Because synthetic identity fraud is difficult to detect, due diligence and monitoring by financial institutions are the best methods of prevention. Following are some prevention tips and steps institutions can take to ensure they are protected from future losses associated with this growing fraud:
Increase onboarding requirements
Banks, credit unions, and non-bank financial institutions have made it easier for consumers to apply for credit and open accounts to stay competitive. Unfortunately, by making this process easier for legitimate customers, they have inadvertently made it easier for fraudsters to take advantage of them.
The challenge for financial institutions is to make the process more challenging for fraudsters, but not legitimate applicants. One way to accomplish this is to make more lucrative transactions burdensome for fraudsters – requiring additional sources of proof of identity and employment that can be independently verified.
Assuming the financial institution has followed all BSA requirements for a Customer Identification Program (CIP) and the fraudster still established a new account with a synthetic identity, fraud detection is nevertheless possible with appropriate policies and systems.
Take a multi-layered approach to detection
According to a 2019 Federal Reserve Payments Fraud Insights whitepaper, Institutions should implement a multi-layered approach to combat synthetic identity schemes.
A multi-layered approach should begin with detection tools that will alert when multiple accounts utilize the same SSN. In addition, detection tools should alert when multiple account applications originate from the same I.P. address or device.

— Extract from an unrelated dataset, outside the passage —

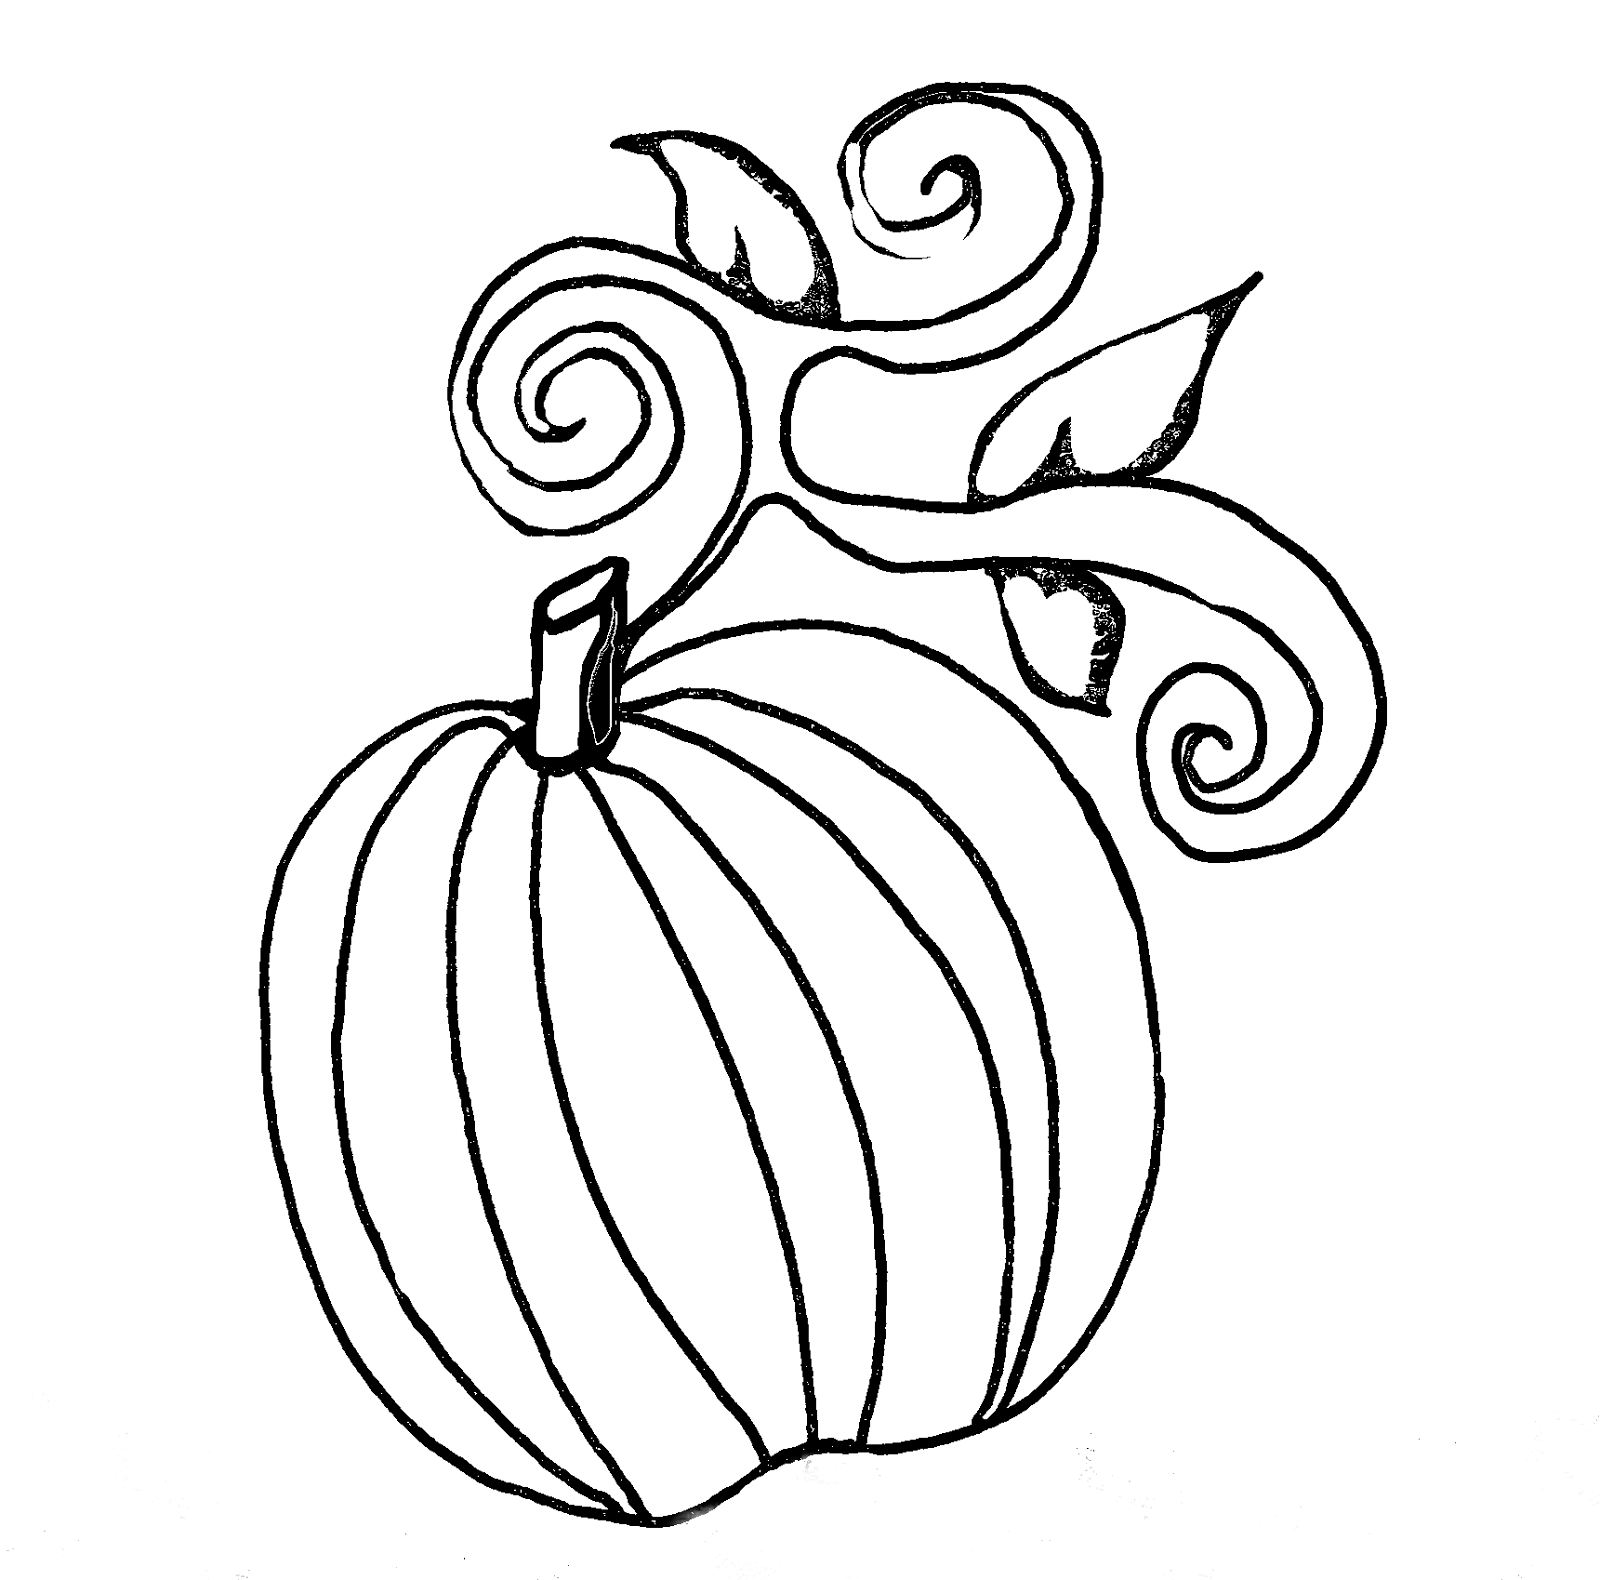 Treasure Box Drawing And Art For Jesus: Home Drawn Pumpkins

In addition, the multi-layered approach can include law enforcement and financial institutions sharing information about threats and trends by using the 314(b) information-sharing authority, the Fed said in its whitepaper. FinCEN's recent Fact Sheet clarifying the circumstances under which financial institutions can share information under 314(b) of the USA Patriot Act explains that information sharing is permissible under the program if the financial institution suspects that the subject activity, customer, or account is tied in some way to terrorist acts or money laundering. In other words, the institution does not need to conclusively determine that an activity is suspicious to share information.
Utilize monitoring software
Utilizing monitoring software with properly calibrated detection tools can detect specific outliers, anomalies, spikes, and velocity scenarios, in a financial institution's data. Those outliers can be used to uncover potential trends associated with the use of synthetic identities.

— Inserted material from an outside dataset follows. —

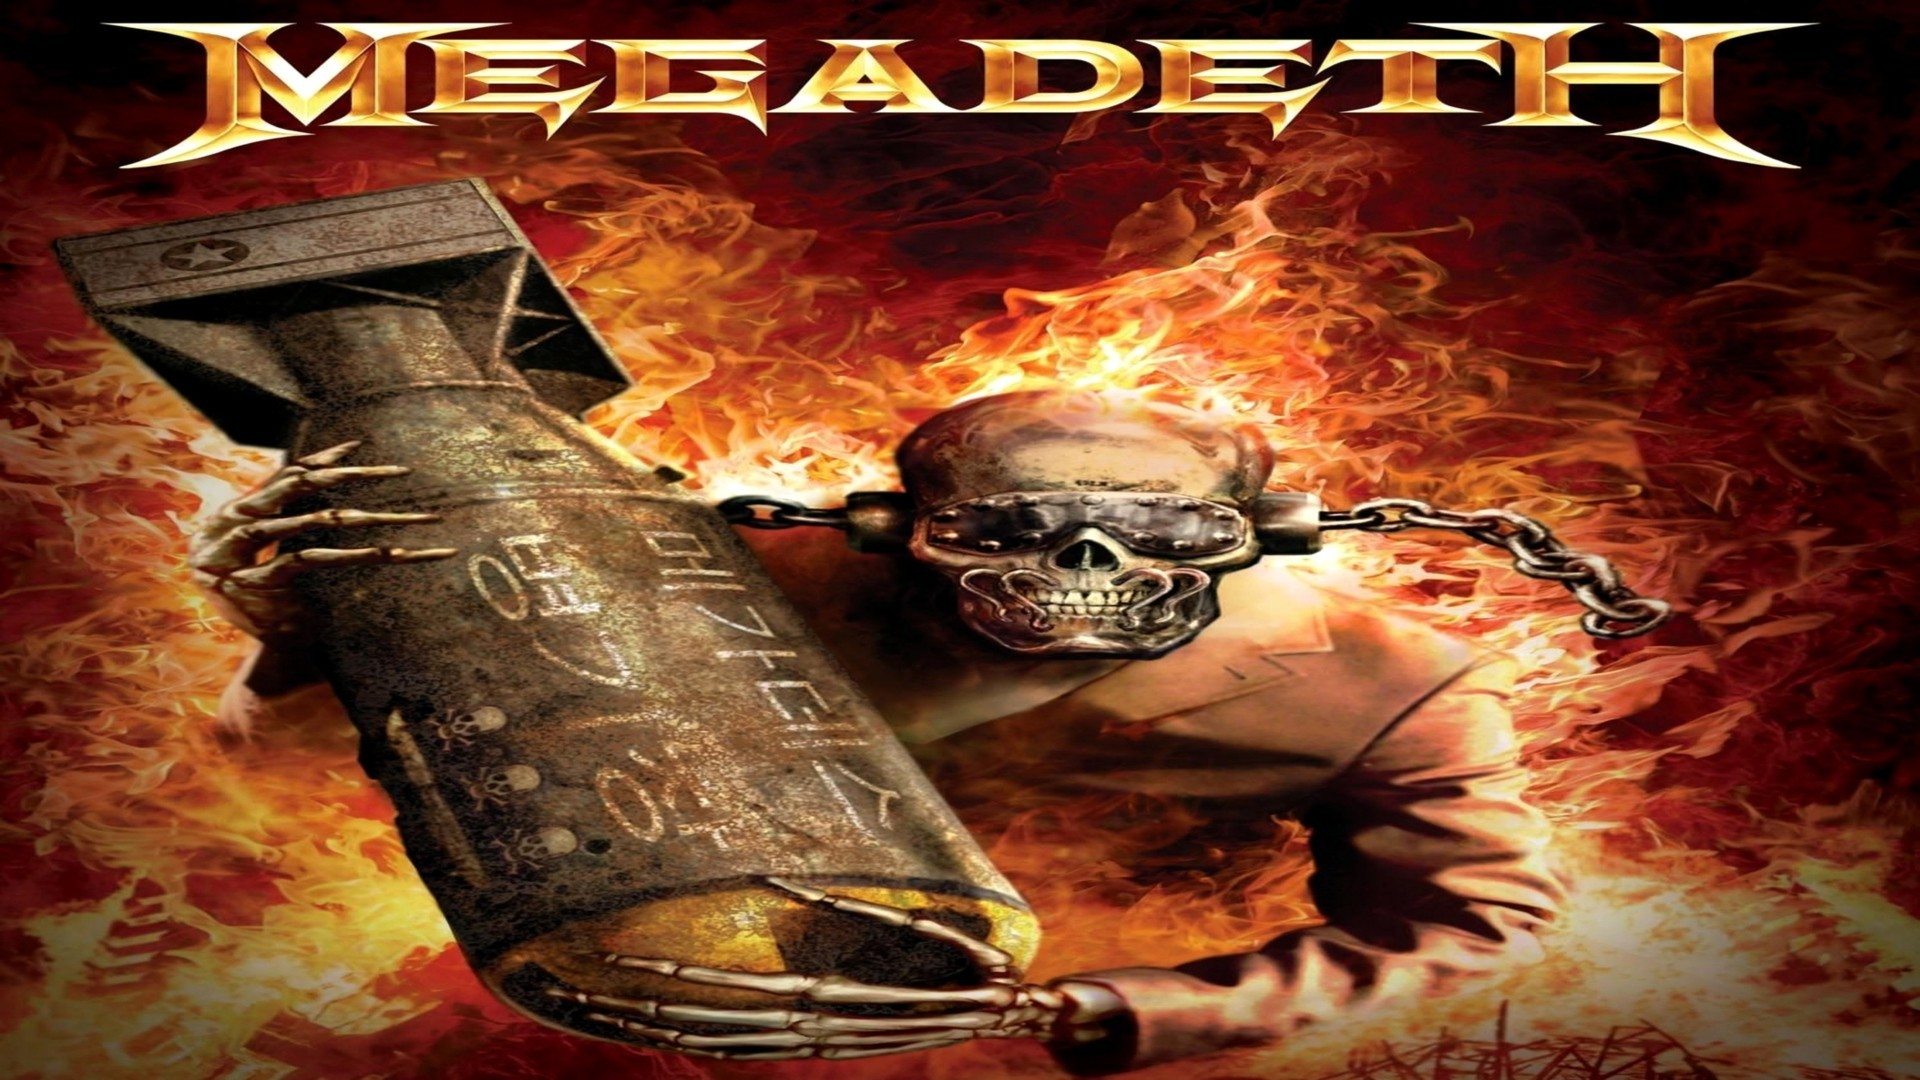 Free Desktop Wallpaper Niagara Falls Megadeth Wallpaper Peace Sells 63 Images

When fruadsters use synthetic identities to open new accounts, they will commonly target mortgages, student loans, and car loans, in addition to credit cards, according to the 2019 Identity Fraud Study from Javelin Strategy & Research.
Some potential warning signs of new account fraud that could be connected to synthetic identity fraud include:
- When an account that has been open less than a year has spikes in the number of transactions – either during the first couple of months after opening, or then and again during the next several months.
- When an account opened less than a year has large increases in the amount of individual transactions, such as ACH credit transactions, wire transfers, or cleared checks, and when those amounts continue to increase over time. This could potentially indicate the account is being used for corporate account takeover fraud and should be investigated.
- When a new account requests multiple lines of credit or loans and quickly begins utilizing them to their maximums
Conclusion
Synthetic identity theft is a genuine, increasing threat to financial institutions. Undetected, it has and will in the future cause significant losses to financial institutions worldwide. It is vitally important for banks, credit unions, and non-bank financial institutions to create an added layer of protection for their customers and their institutions. They can do this through increased due diligence and the use of BSA/AML and fraud-monitoring software and services that are calibrated to the rising threat of synthetic identity fraud.